Comparison and Results

They create several different kinds of agents and have them duke it out. The first kind of agent they call "data-driven". It contains the knowledge accumulated from the televised poker hands but does no learning. The second agent is one that uses the same information, but then uses the evolutionary learning algorithm. The third agent also uses evolutionary learning methods, but it starts out with no poker knowledge.

After several generations of iteration, Figure 6 demonstrates that the performance of best evolutionary algorithms of a particular generation improve over those of previous generations. It doesn't take long before the evolutionary data-driven agent plays much better than the non-evolutionary data-driven agent. The improvement seems to come quickly at first, and then slows down, which shouldn't be surprising for any learning method. However, I'm a bit concerned by the y-axis of the graph. What is the nature of the top 90 algorithms that aren't represented in Figure 6?

The authors next talk some poker strategy. They seem surprised that folding would be the dominant strategy. Of course, they don't tell us how many players are at each table, but if it's more than three this result won't surprise any serious poker player. Raises occur with good hands. Calls occur with what they call "low risk" hands, although I'm not exactly sure how this translates into more familiar poker terms.

I find it hard to learn much from the figures in the paper. The exception to this is Figure 7. Note that the learning algorithm has come up with a strategy that consists of: lots of folding, a fair bit of raising, and very little calling. This seems quite reasonable. It's difficult to tell from the figures, but it also looks like the algorithm does at least some bluffing with its worst hands, which is also promising.

The researchers ran tournaments comparing these three agents along with two other trivial ones: an "always fold" agent and one that acts randomly. Table 1 shows these results, but to honest, I can't tell you what it says. The data make absolutely no sense to me.

Conclusions and Further Work

The authors admit that they don't know if their agents are good poker players or not. I think they're being a little disingenuous here. I suspect that even the best of their agents are poor players, and that they know it. Nonetheless, they demonstrate that evolutionary methods can lead to an improvement in algorithmic poker performance. I don't see any reason to think that if they started with a better framework that these methods couldn't be effective.

There is a lot of work to be done to turn this work into a worthy poker opponent. The authors note that they've performed little optimization of the evolutionary parameters. They also suggest that further evolution of the agents should continue to bear fruit.

My suggestions on the next steps they might take are a little different.

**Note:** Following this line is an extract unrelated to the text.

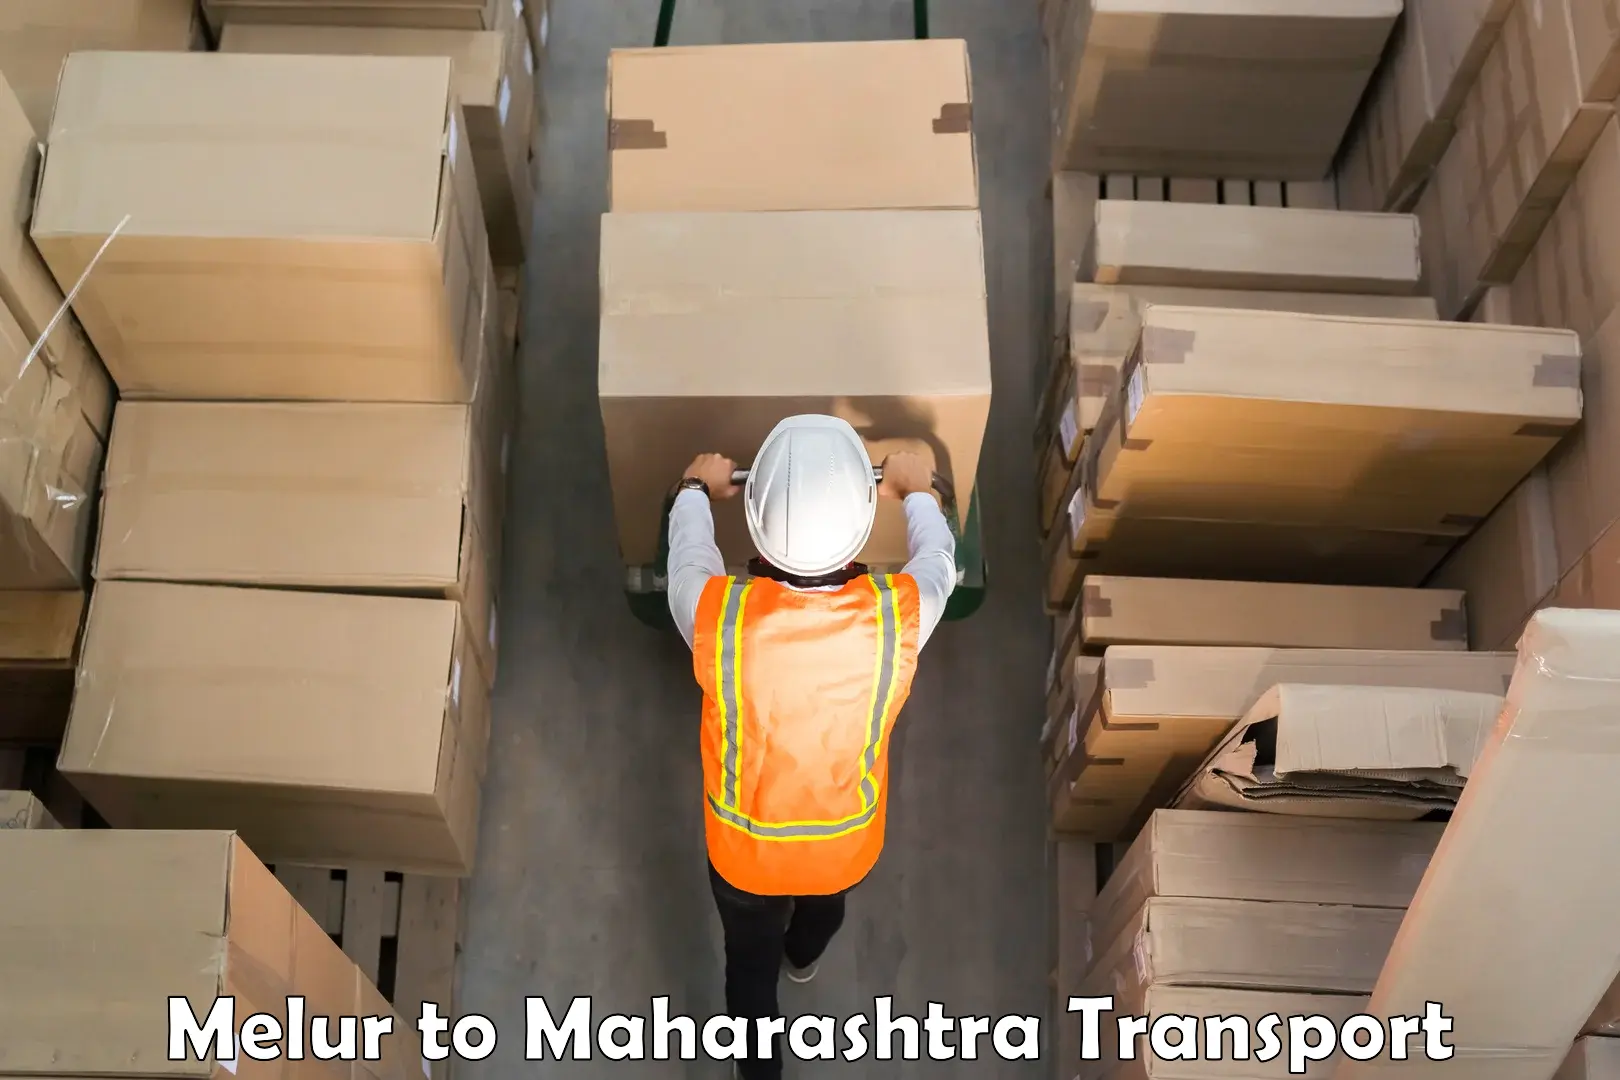 Truck transport companies in India Melur to Jasai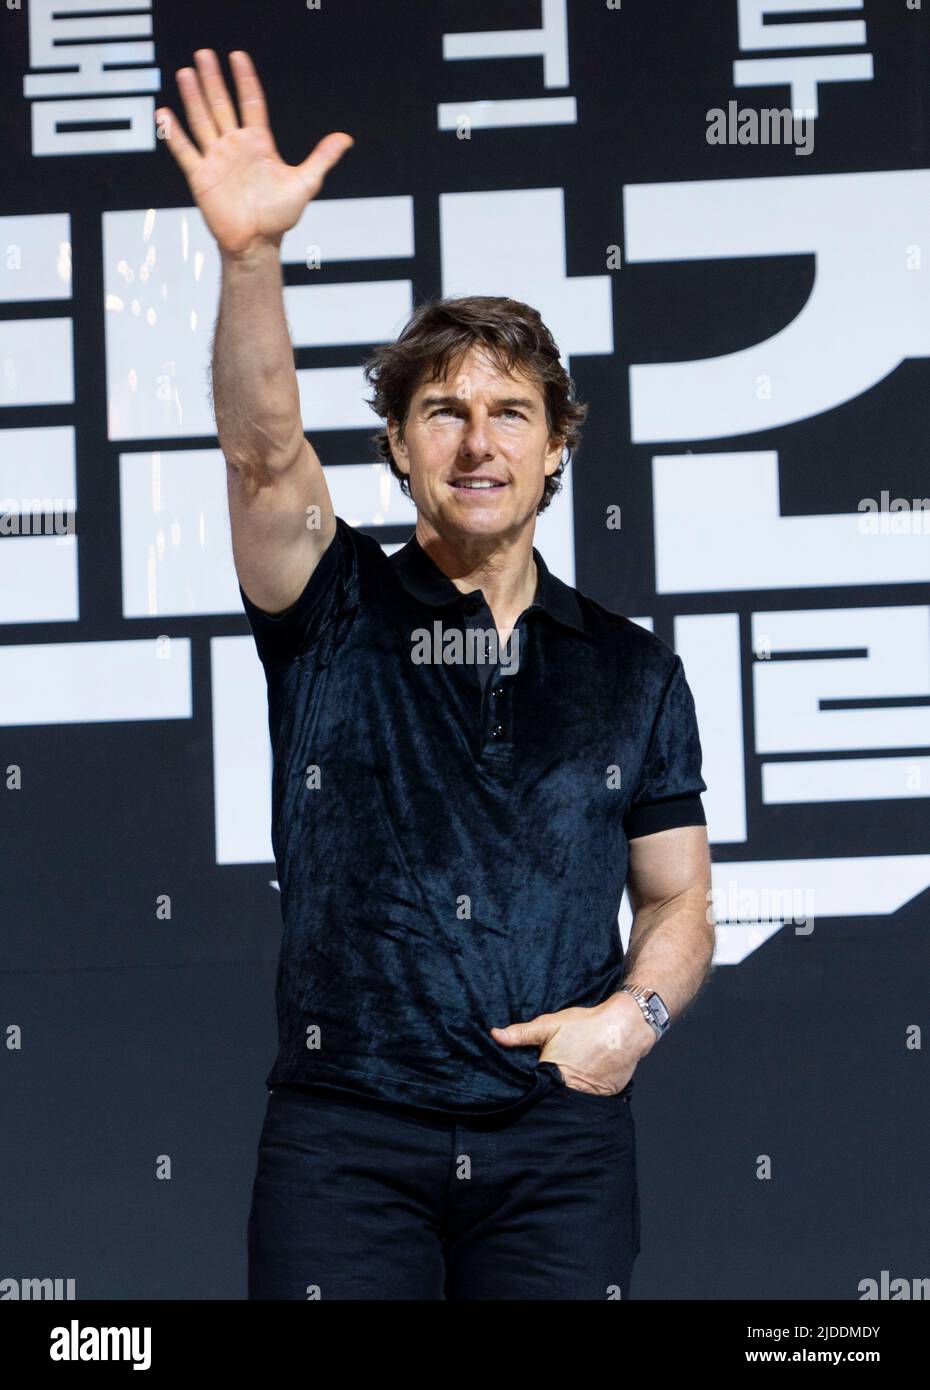 Tom Cruise Arrives Back in London While 'Top Gun 2' Is Possibly Returning  to #1 at the Box Office!: Photo 4781293, Christopher McQuarrie, Tom Cruise  Photos

First, I suggest they revisit their bet sizing algorithms. They should also incorporate game theoretic bluffing. Using Bayesian methods to adjust perceptions of opponent hand ranges would be a great addition, but would require significant work. Also, they could sure use some better seed data to jump start their learning algorithms. There are probably some other implementation issues that could use fixing but that we don't know about because the paper doesn't provide sufficient details.

Conclusion

Once again, to a serious student of poker this probably looks like a failure. As poker players, we tend to think of the success of a poker algorithm in terms of how well it plays. The goal of the authors is to demonstrate that their academic technique could be applied to a new kind of problem. It doesn't matter whether the final product actually ends up being any good at poker. They're only interested in demonstrating the viability of their technique. I know I have a tough time getting my head around this at times.

Nonetheless, we can add evolutionary methods to the list of legitimate ways me might improve a poker algorithm. Also, I found their unorthodox, from a poker standpoint, take on poker goals to stimulate my thinking about the issue. So, for me the paper is worth studying even if the resulting agent would get crushed by an average 3-6 player from a typical public card room.